Within the parent CFSE-positive population, draw additional histogram gates to identify the CFSE-low, CFSE-intermediate, and CFSE-high subpopulations. Then confirm an equal or a near-equal event number within the three gates for the other two tubes of labeled cells. For injection of the target cells, first gently vortex the source tubes and pool the three CFSE-labeled cell suspensions into a new tube at equal ratios.
Top up the tube contents with sterile PBS, and collect the cells by centrifugation for counting. Then adjust the volume to a one times 10 to the seven mixed target cells per 200 microliters of PBS per recipient concentration, and inject 200 microliter volumes of the cell suspension into the tail vein of each recipient C57 Black 6 mouse. Two or four hours after the injection, remove and process the spleen of each recipient animal as demonstrated, and resuspend the isolated white blood cells in three milliliters of PBS per spleen.

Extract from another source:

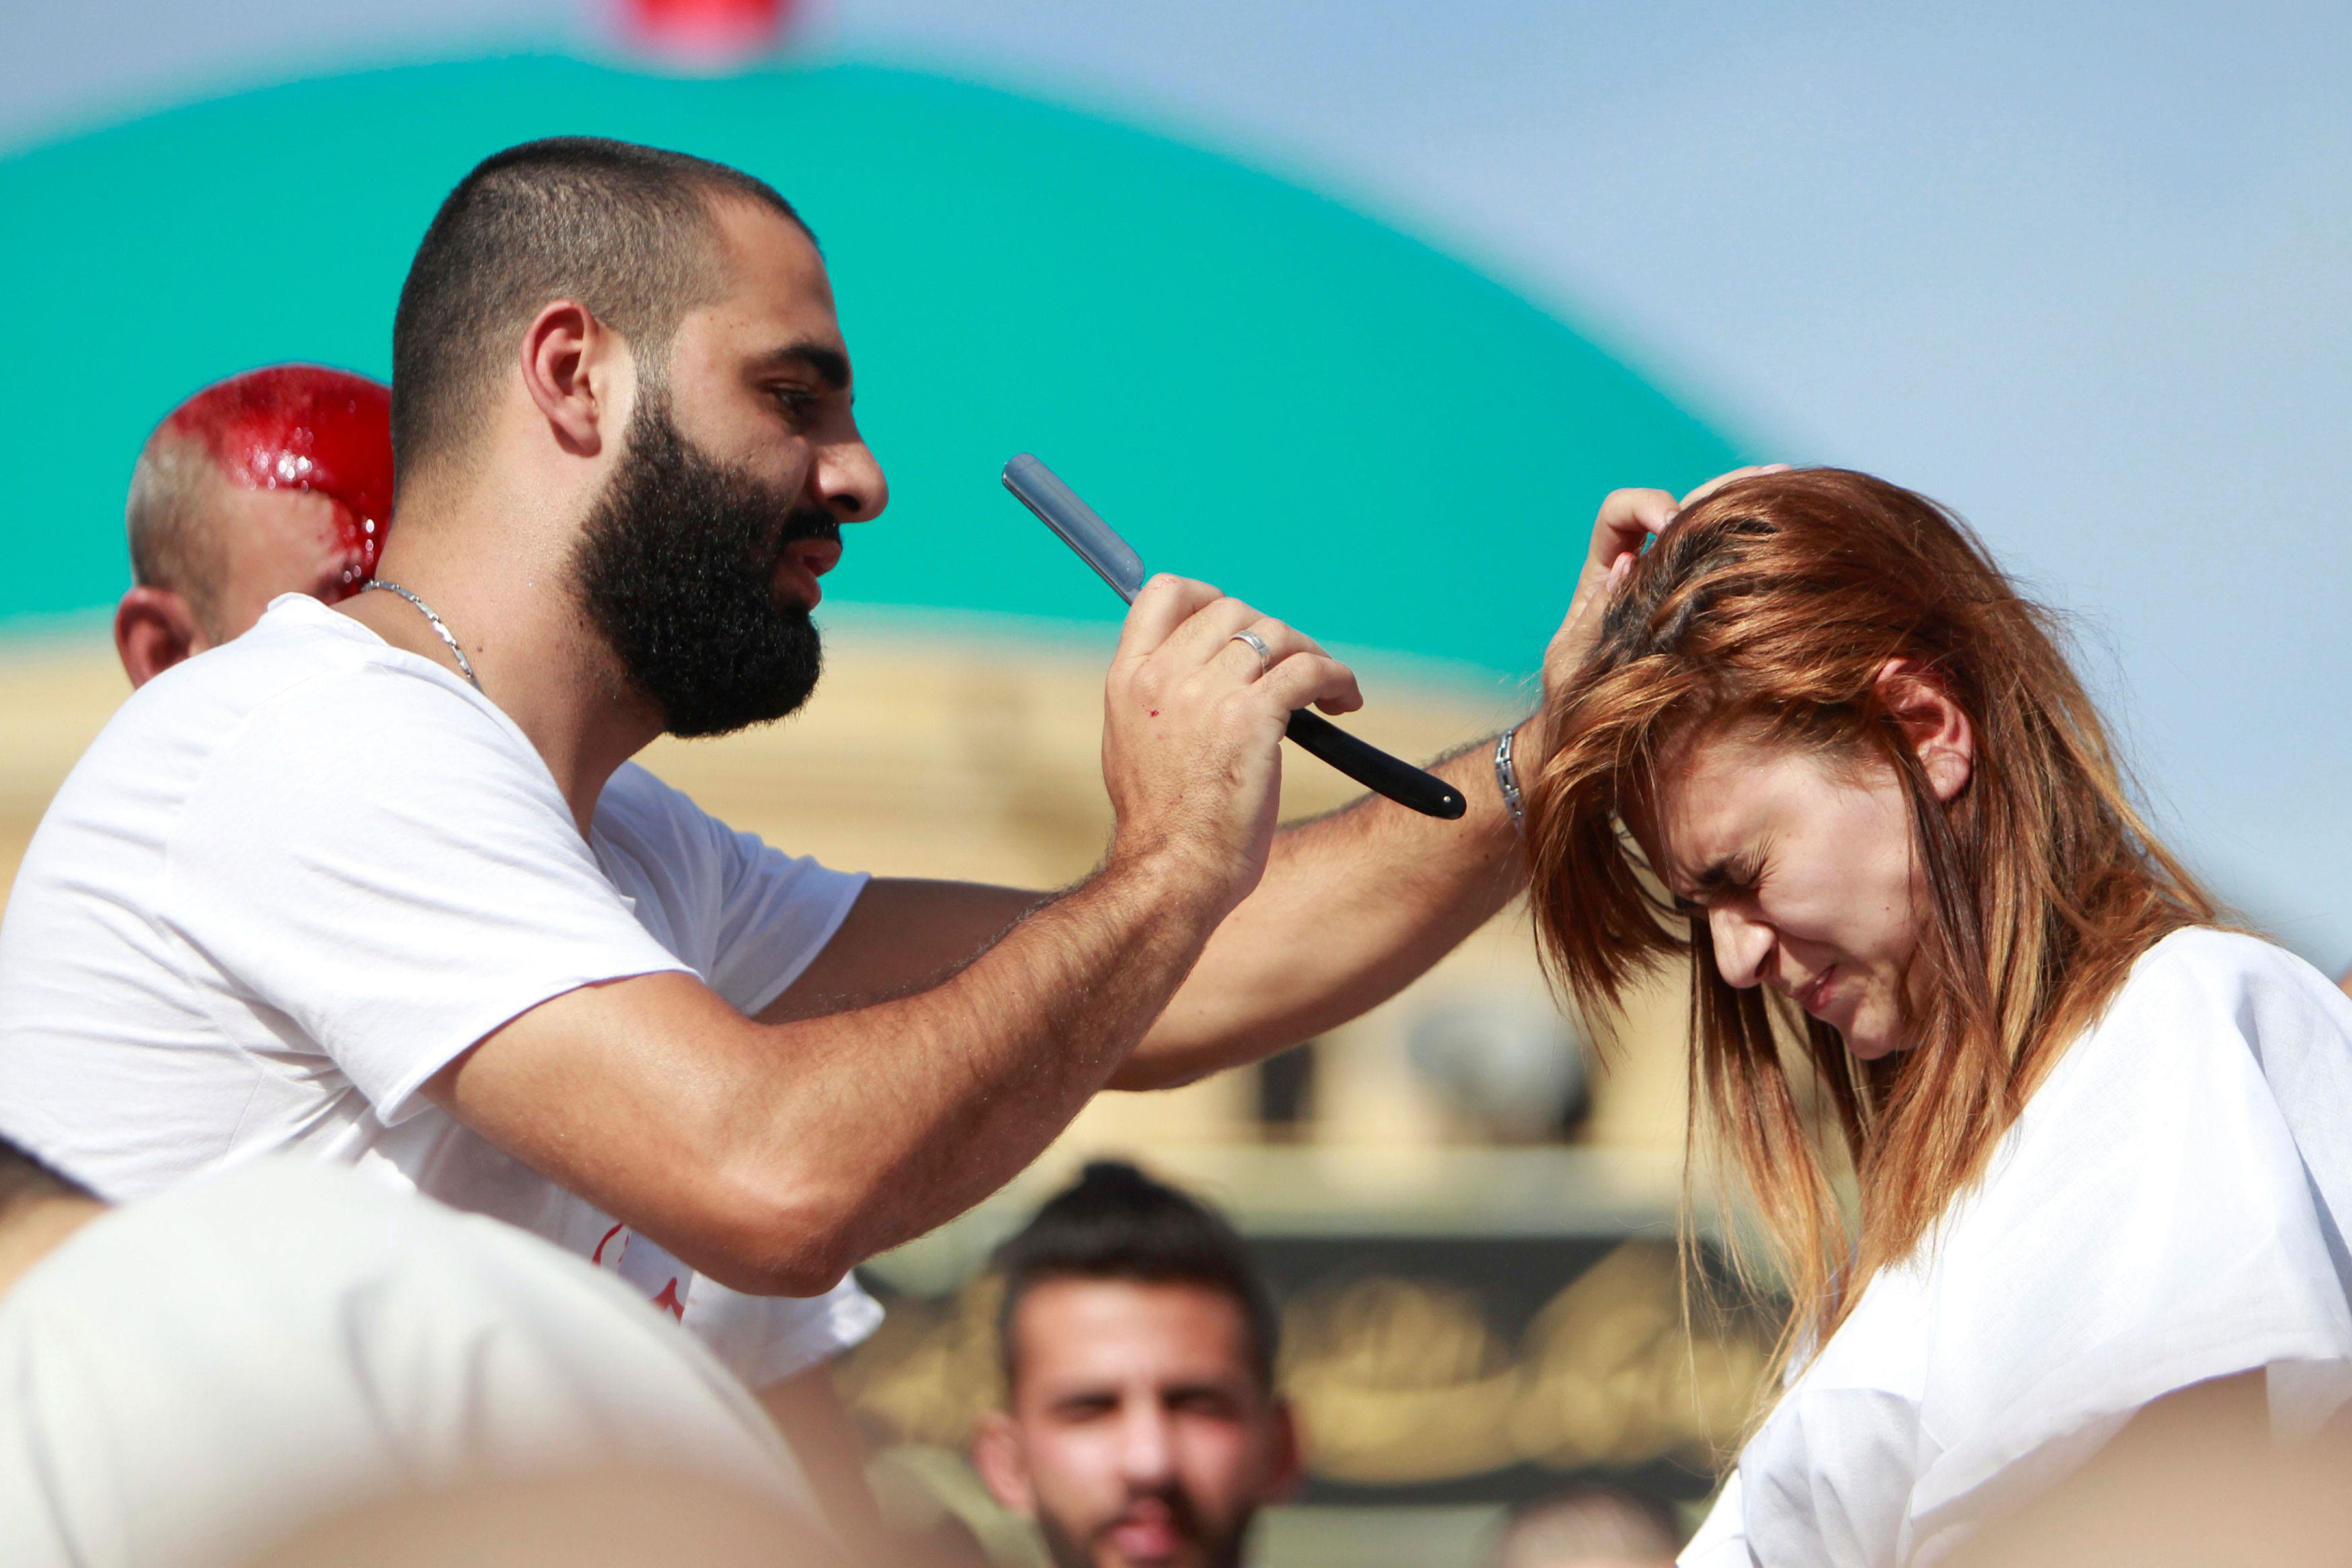 A Shi'ite Muslim attempts to tap the head of a woman with a razor to draw blood during a religious p

Transfer approximately one times 10 to the seven cells from each processed spleen into a clean FACS tube, and immediately run the cells on the flow cytometer as demonstrated to gate the CFSE-low, intermediate, and high target cell populations. Then acquire a total of 2, 000 CFSE-low events in the Fluorescence 1 channel, and calculate the specific lysis of each cognate target cell population according to the formula detailed in the text. In this representative experiment, the success of the depletion of naturally occurring regulatory T-cells in mice injected with anti-CD25 monoclonal antibody was confirmed by flow cytometry.
As expected, near-equal peaks corresponding to the control and cognate target cells were detectable in naive mice. In contrast, Site-IV-displaying target cells were almost completely absent in T-antigen-primed mice, regardless of their prior treatment with anti-CD25 monoclonal antibody or PBS. Interestingly, naturally occurring T reg cell depletion by anti-CD25 monoclonal antibody augmented in vivo cytotoxic T-lymphocyte-mediated lysis of Site-I-pulsed target cells.

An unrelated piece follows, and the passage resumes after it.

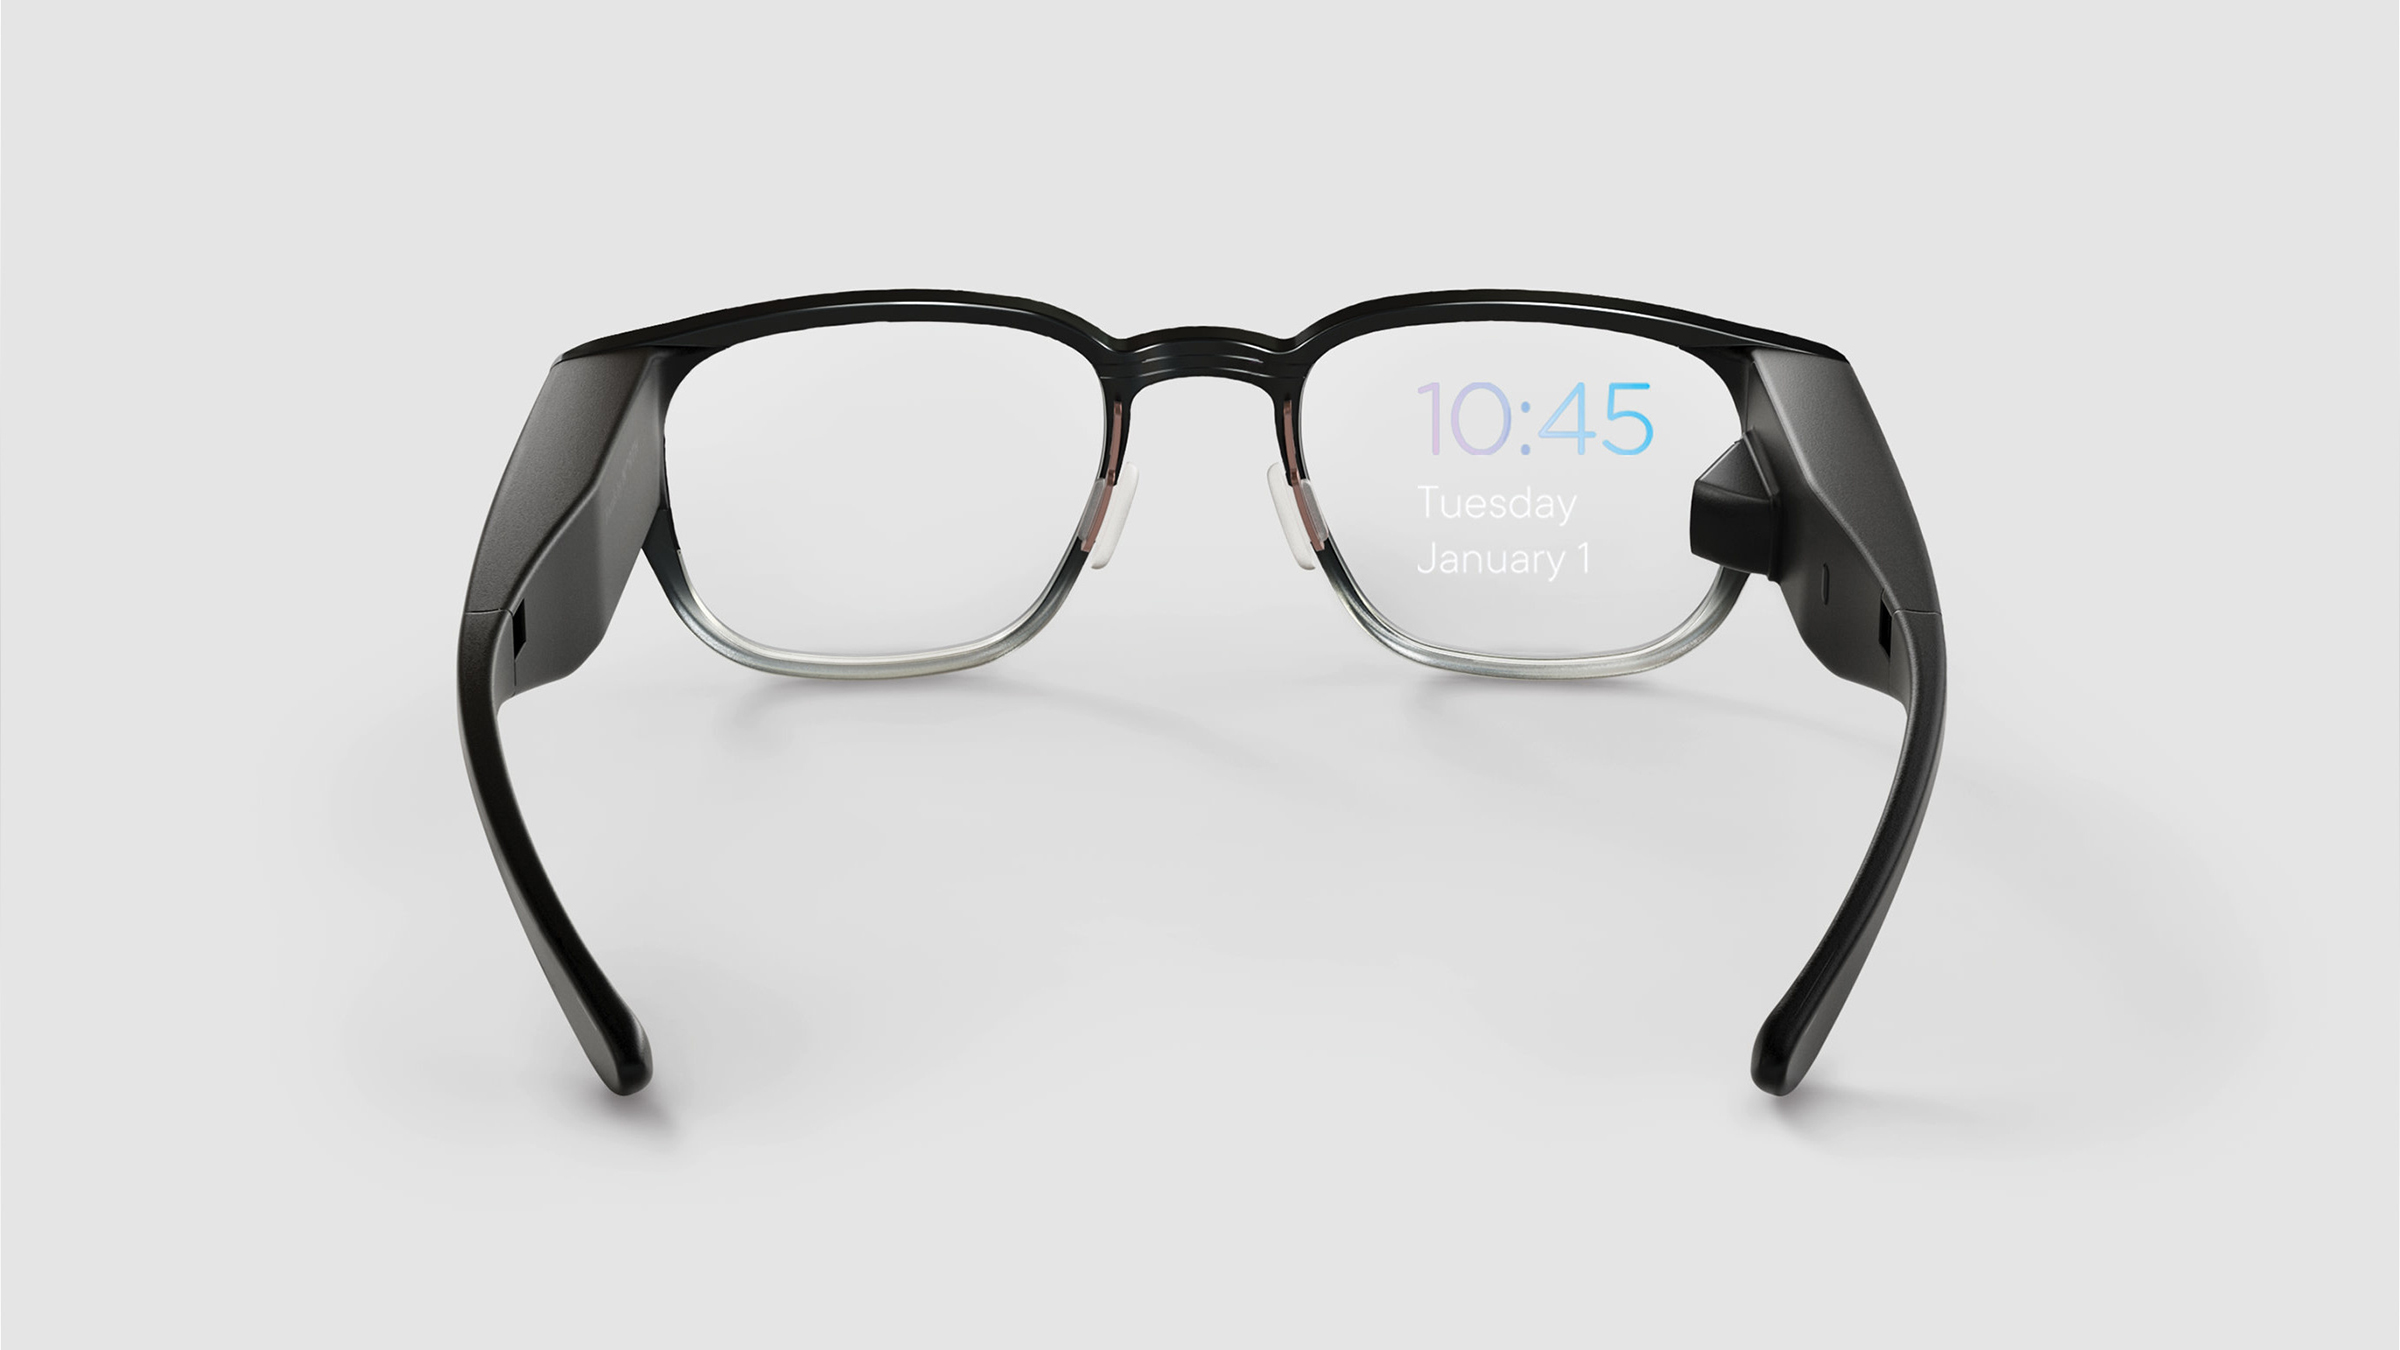 Smart frames: The next big thing in Wearable Tech

In this second representative investigation, programmed death 1 blockade enhanced sub-dominant CD8-positive T cell sites one and two-slash-three-specific responses, suggesting that interfering with programmed death 1/programmed death ligand 1 interactions may induce epitope-spreading in anti-cancer CD8-positive T cell responses. It's critical when labeling your donor cells with CFSE, make sure your concentrations are precise. Otherwise this may result in overlapping histogram peaks, which make your required calculations and data interpretation difficult, if not impossible.
It will be important to optimize in vivo cytotoxicity assays to quantify effector functions elicited by different killer cell types that recognize peptide and non-peptide antigens in the same host.